I am for the stimulus program, I see the Obama Administration signs around various construction jobs, but one thing that bothers me is the job numbers. The unemployment numbers are not coming down, the numbers are going up and I am not sold on the economy bottoming out.
Why is that? Well, I went out of town this holiday weekend. I left from one of the busiest airports in the world, Chicago's O'Hare International Airport. I am here to report that the travel was LIGHT. The plane I was on was half full leaving to my destination, though full on the flight back, but all in all, the airport traffic was one of the lightest I have seen in a very long time.
That says something. It says people don't have the money to travel, even though you can get good deals out there. It also says that if folks are not traveling, it has a roller ball, ripple effect on everything else.
Another indicator is the malls. The one big mall that I have frequented over the years have cut the hours down, drastically. My hairstylist, who works at this large mall, told me that it is hard to book all the stylists at Mario Triccoci, work there has been cut down. Shopping malls are another indicator of how strong the economy is. Case and point, I went to Best Buy to purchase Twilight on a Saturday and I have not been in Best Buy for quite a while, since I purchase most of my goods from the internet, going in that store was a reality check. It was a ghost town. This is an anchor store at a shopping mall, which at one point was crowded EVERY WEEKEND, was like a ghost town. Sure, folks are shopping on the internet, but when people don't have money for a basic lavish necessity as a DVD, times are hard. Yep, the shopping malls are ghost towns.
On the low-income east side of Charlotte, N.C., the 1.1-million-square-foot Eastland Mall recently lost a slew of key tenants, including a Dillard's and, next month, a Sears. Sales per square foot at the venue fell to $210 in 2008 from $288 in 2001.

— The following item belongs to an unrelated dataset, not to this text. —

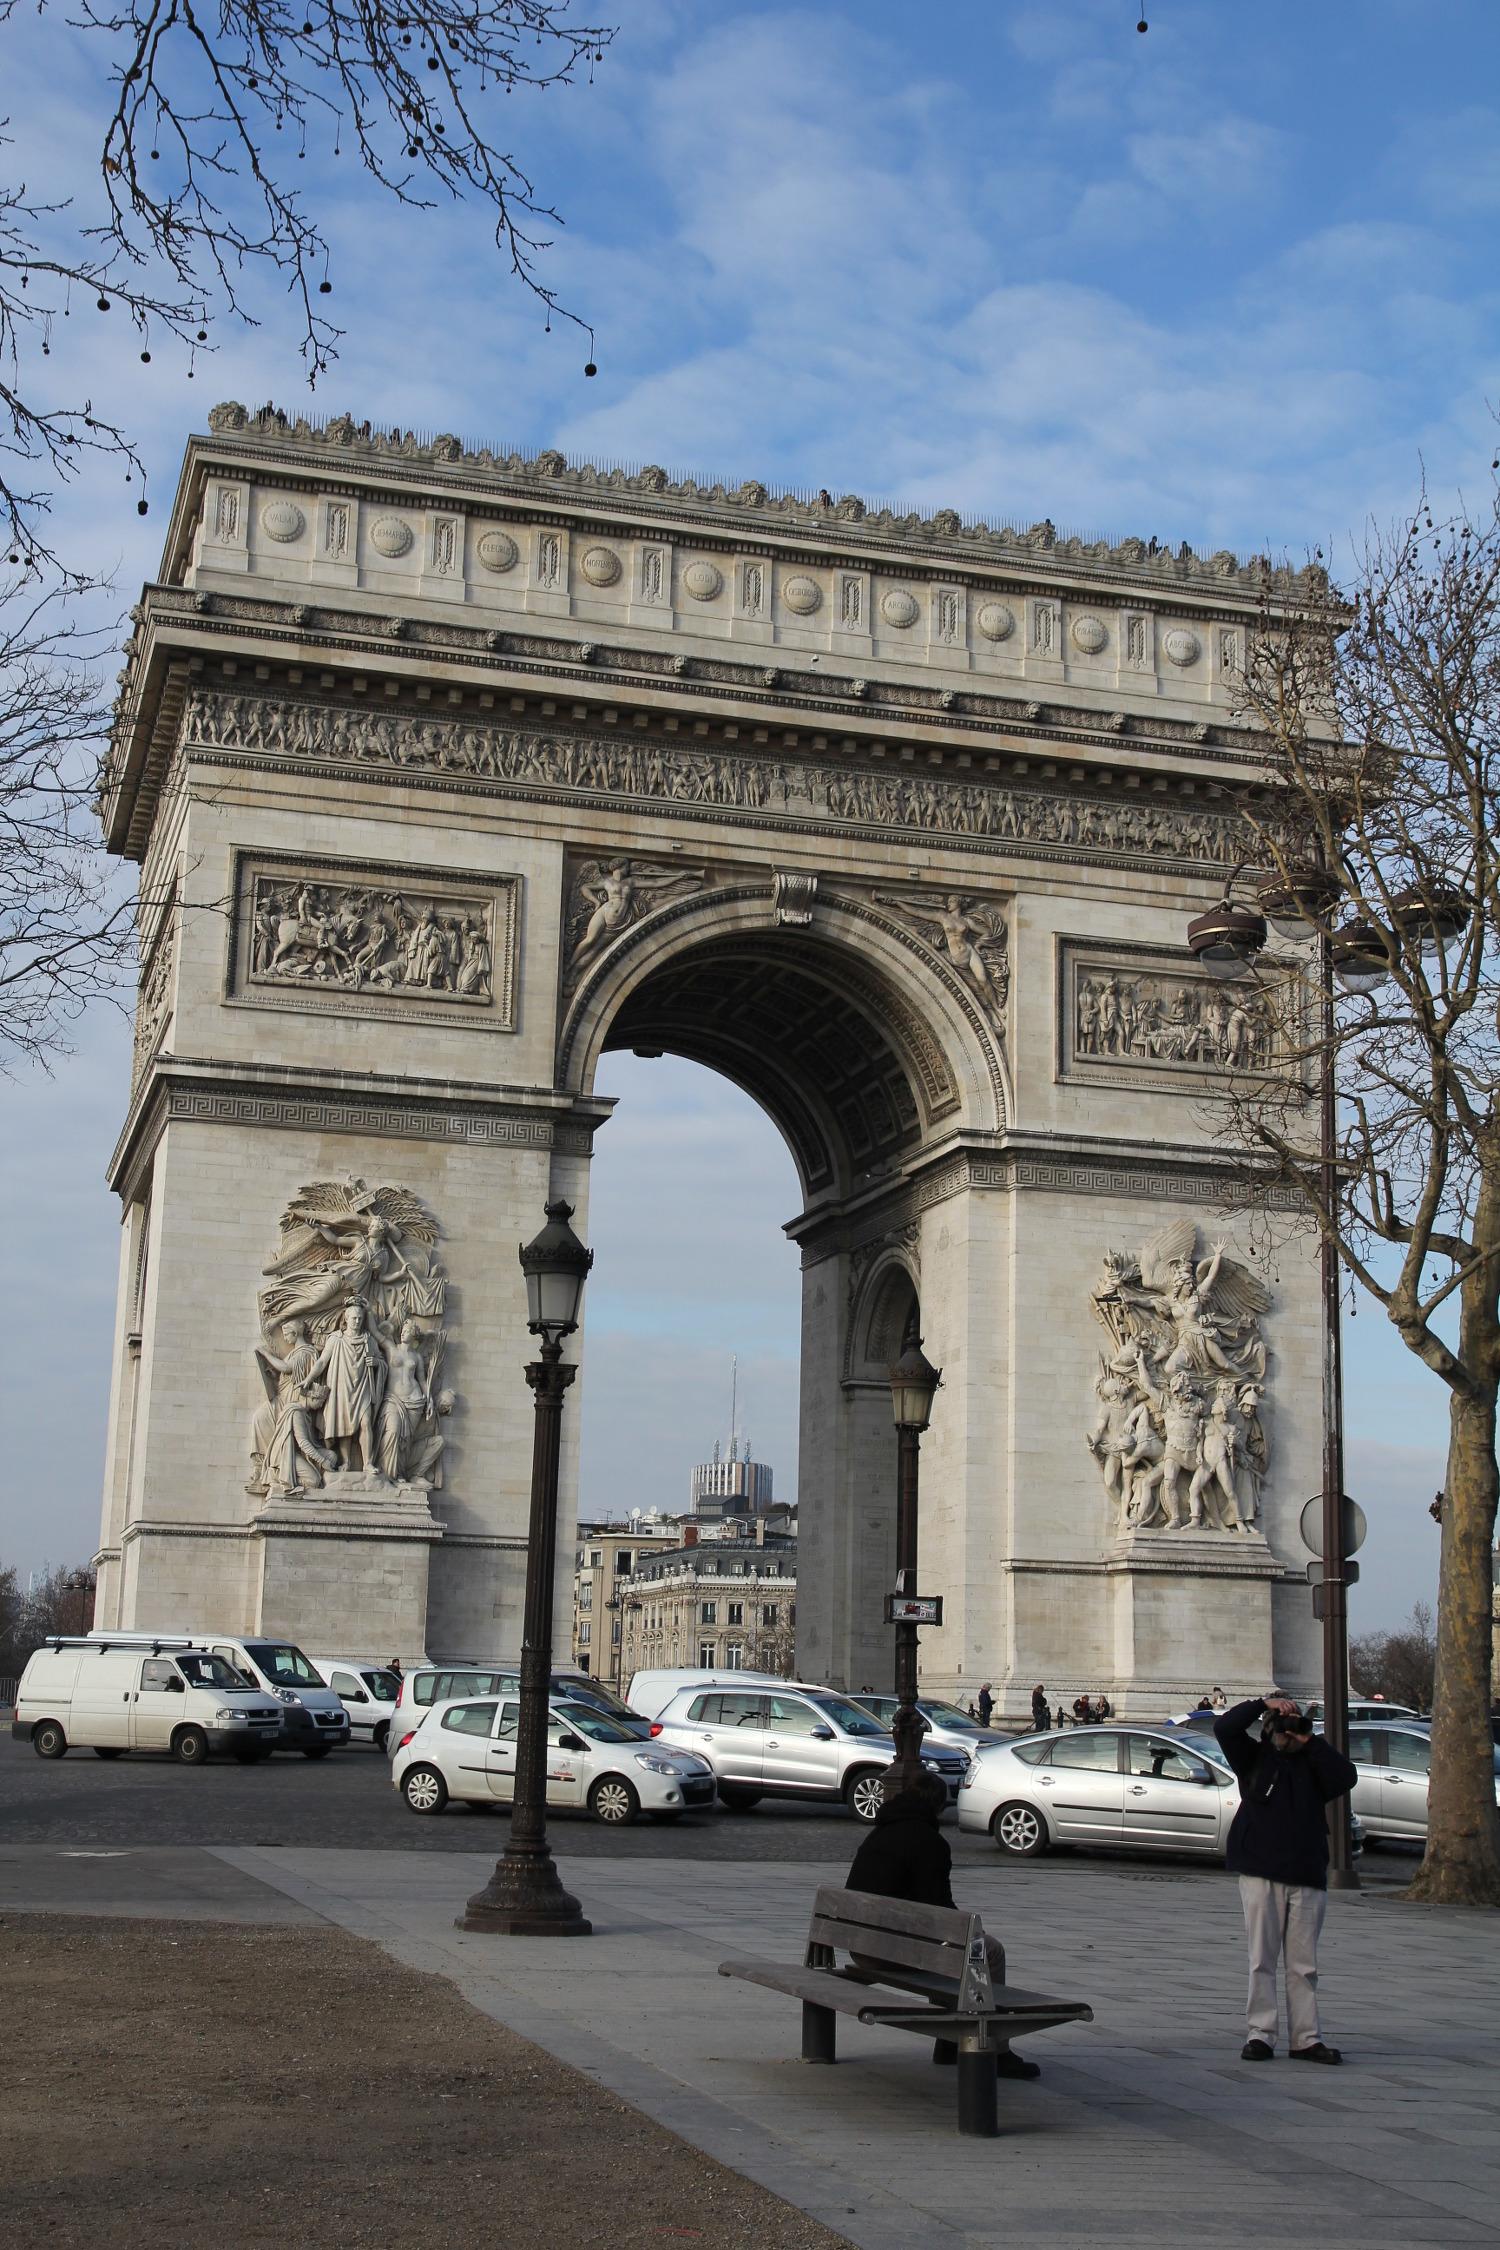 프랑스 여행 - 파리 여행#6 에투알 개선문/샹젤리제

The Metcalf South Shopping Center in Overland Park, Kan., is languishing after plans to redevelop it into an open-air shopping district fizzled. The stretch of shops that connects the two largest tenants -- a Sears and a Macy's -- stands mostly vacant, patrolled by security guards.
With their maze of walkways and fast-food courts, malls have long been an iconic, if sometimes unsightly, presence in the American retail landscape. A few were made famous by their sheer size, others for the range of shopping and social diversions they provided.
But the long recession is helping to empty out the promenades. Some analysts estimate that the number of so-called "dead malls" -- centers debilitated by anemic sales and high vacancy rates -- will swell to more than 100 by the end of this year.
For many when money is tight people move into the survivor mode of thinking, which means if I don't need it, I won't buy it. So, the smallest of luxury items, like a 13.99 DVD, is put in the I don't need list and if this mode of thinking is out there now, a lot of shopping malls are going through some tough times.
Enters that pesky job number or unemployment number, which is over 600K a month. Americans single most asset of value is their home, period. Americans have seen their home value plummet and the notion that it will pick back up is just a fallacy. It won't, not for a very long time. And since folks are getting the pink slips at record clip, this includes solid home owners, with solid credit, who are now behind on their mortgages.
As job losses rise, growing numbers of American homeowners with once solid credit are falling behind on their mortgages, amplifying a wave of foreclosures.
In the latest phase of the nation’s real estate disaster, the locus of trouble has shifted from subprime loans — those extended to home buyers with troubled credit — to the far more numerous prime loans issued to those with decent financial histories.
With many economists anticipating that the unemployment rate will rise into the double digits from its current 8.9 percent, foreclosures are expected to accelerate. That could exacerbate bank losses, adding pressure to the financial system and the broader economy.
“We’re about to have a big problem,” said Morris A. Davis, a real estate expert at the University of Wisconsin. “Foreclosures were bad last year? It’s going to get worse.”
Economists refer to the current surge of foreclosures as the third wave, distinct from the initial spike when speculators gave up property because of plunging real estate prices, and the secondary shock, when borrowers’ introductory interest rates expired and were reset higher.
“We’re right in the middle of this third wave, and it’s intensifying,” said Mark Zandi, chief economist at Moody’s Economy.com. “That loss of jobs and loss of overtime hours and being forced from a full-time to part-time job is resulting in defaults. They’re coast to coast.”
To be honest, there is only so much at this point that government can do. The shame of this is that the Obama Administration inherited a huge financial anchor on its neck and no matter who was in the driver seat; the reality would be the same. The automotive industry is not helping the job numbers, expect unemployment numbers to escalate.
The reality is this in the end:
The issue here is that even the best credit rating in the world is little protection against the fact that if you’re laid off during a recession your income may drop a huge amount. Foreclosures, in turn, help make the economic situation worse and drive up the unemployment rate.
And that is a dilemma that the Obama Administration is in, they can not wave a magic wand and make it better. It will take time. And for some, time is not on their side.